Capitalized interest increased by $455 thousand and $1.3 million for the
three and six months ended April 30, 1998, as compared to the same periods of
1997 primarily due to Phase III and IV of the MACSTEEL expansion project.
"Other, net" decreased $509 thousand for the three months ended April 30,
1998, as compared to the same period of 1997 primarily as a result of a life
insurance gain in 1997. "Other, net" remained relatively constant for the six
months ended April 30, 1998, as compared to the same period of 1997 as increased
investment income in 1998 offset the 1997 life insurance gain mentioned above.

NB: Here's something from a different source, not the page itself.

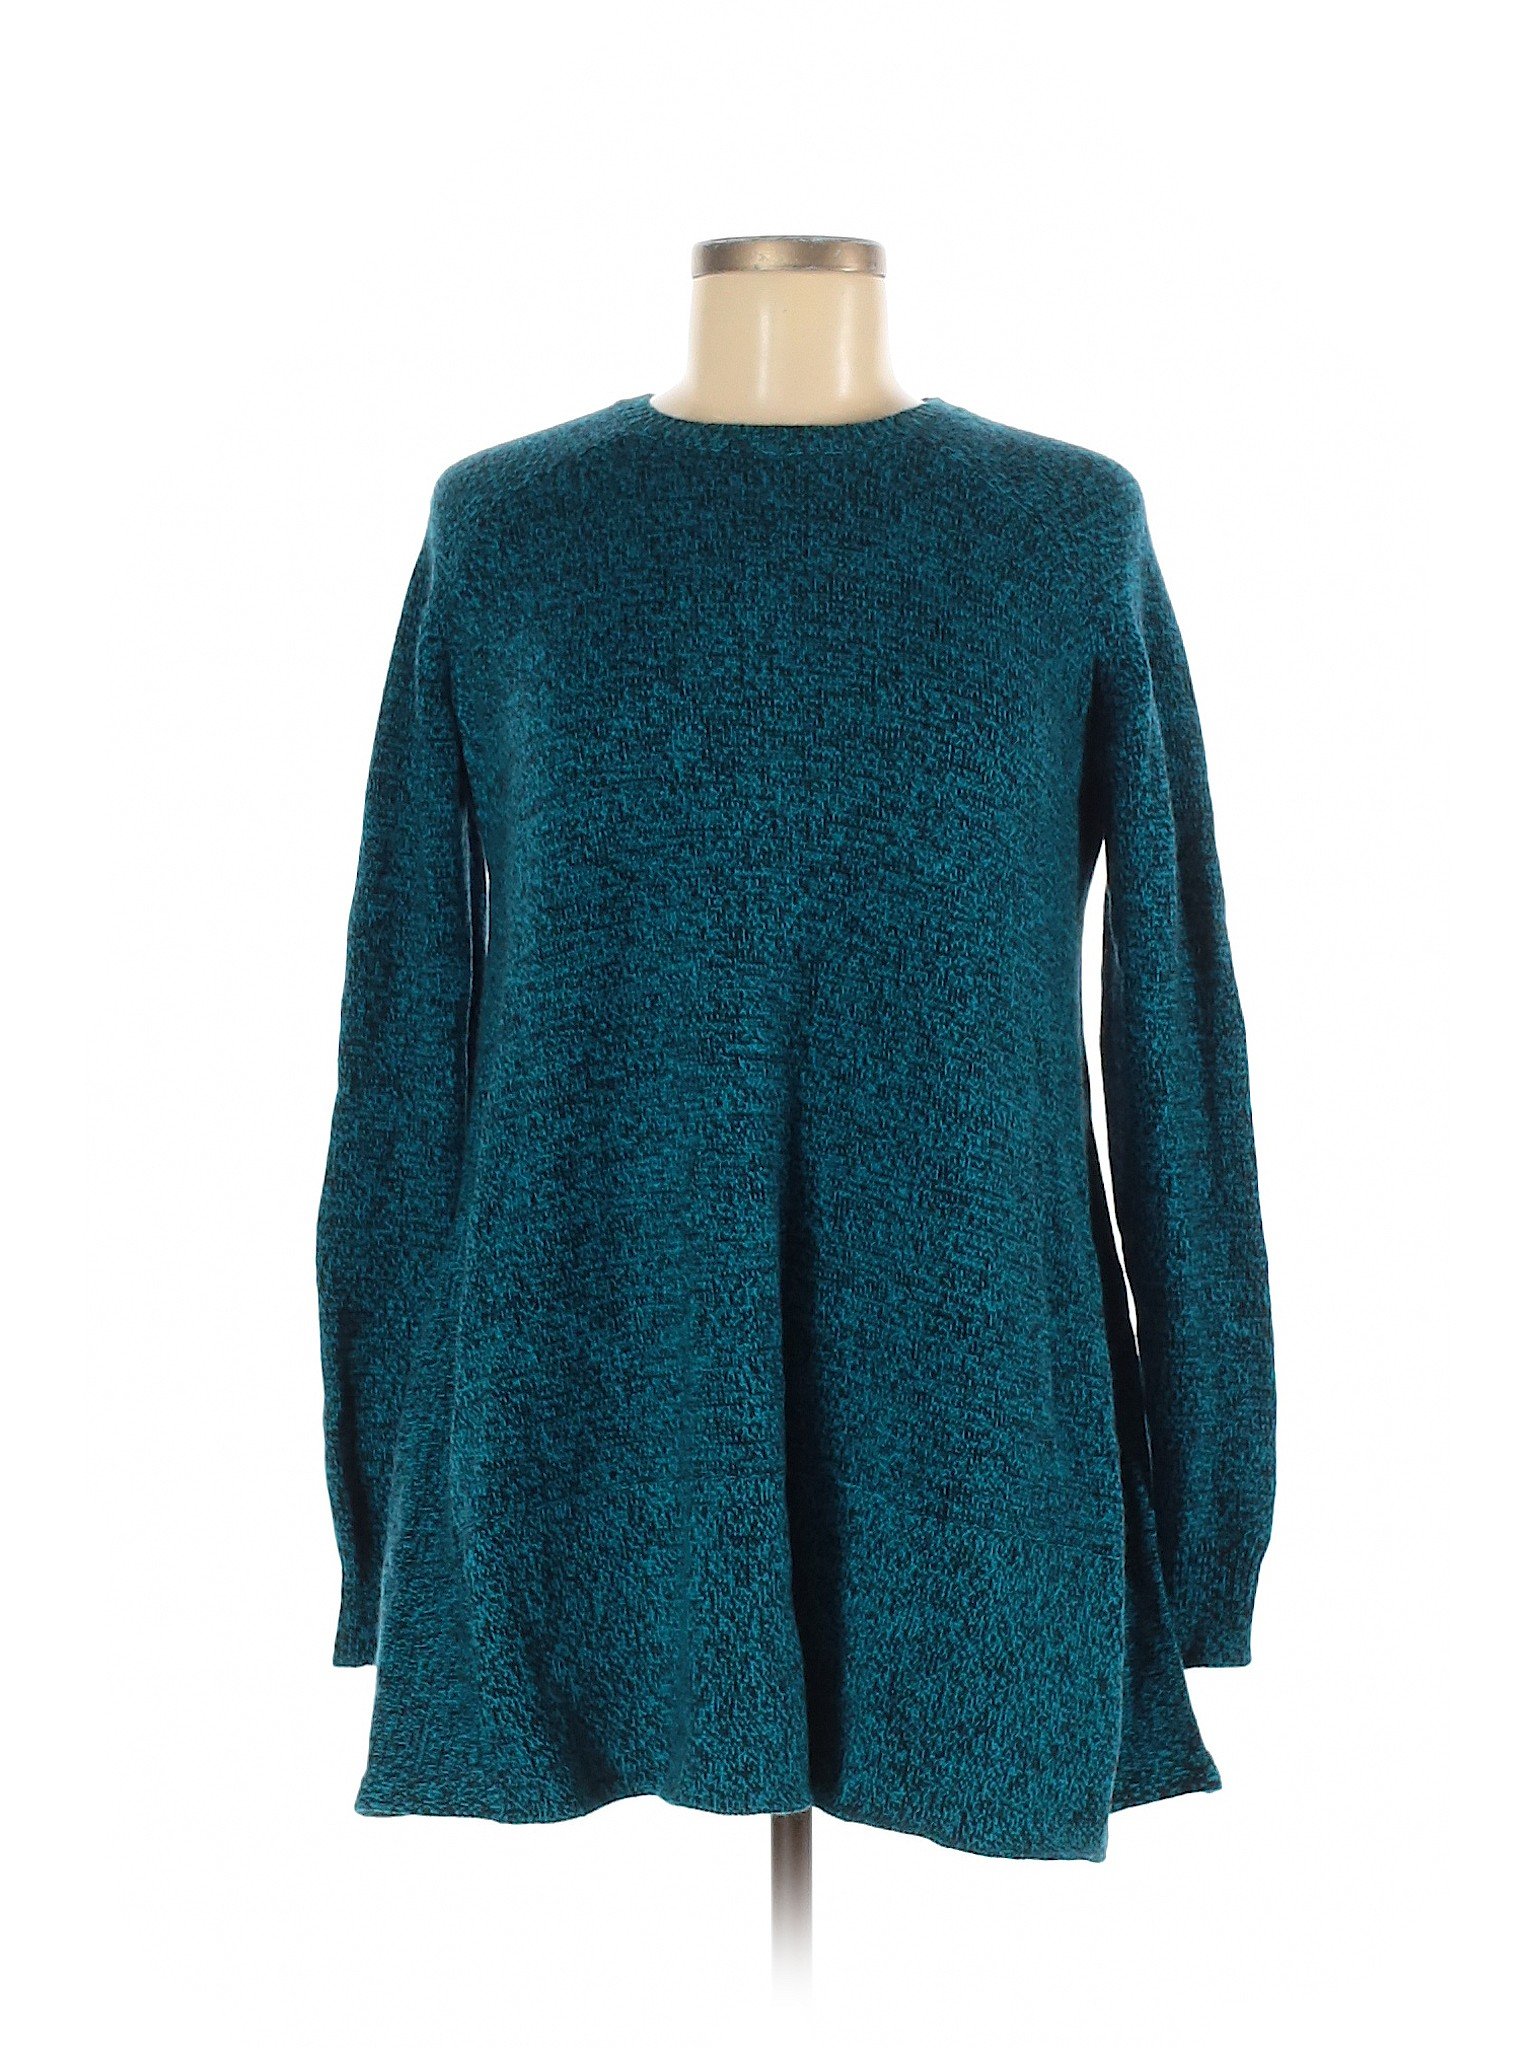 Christian Dior Women Green Pullover Sweater 4 | eBay

Income from continuing operations increased $417 thousand, or 6%, for the
three months ended April 30, 1998 compared to the same period of 1997. This
increase is due primarily to the reduced interest expense, partially offset by
the decline in operating income for the period. Income from continuing
operations decreased $662 thousand, or 6% for the six months ended April 30,
1998, as compared to the same period of 1997. The decrease is primarily due to
decreased operating income, partially offset by decreased interest expense and
increased capitalized interest.
Included in net income for the six months ended April 30, 1998 is $13.6
million of gain on sale of discontinued operations, net of income taxes.
Included in net income for the three and six months ended April 30, 1997 is
$36.3 million gain on the sale of discontinued operations, net of taxes, and
$1.8 and $2.7 million, respectively, of income from discontinued operations, net
of taxes.
(11)
14
Item 2 - Management's Discussion and Analysis of
Results of Operations and Financial Condition (Continued)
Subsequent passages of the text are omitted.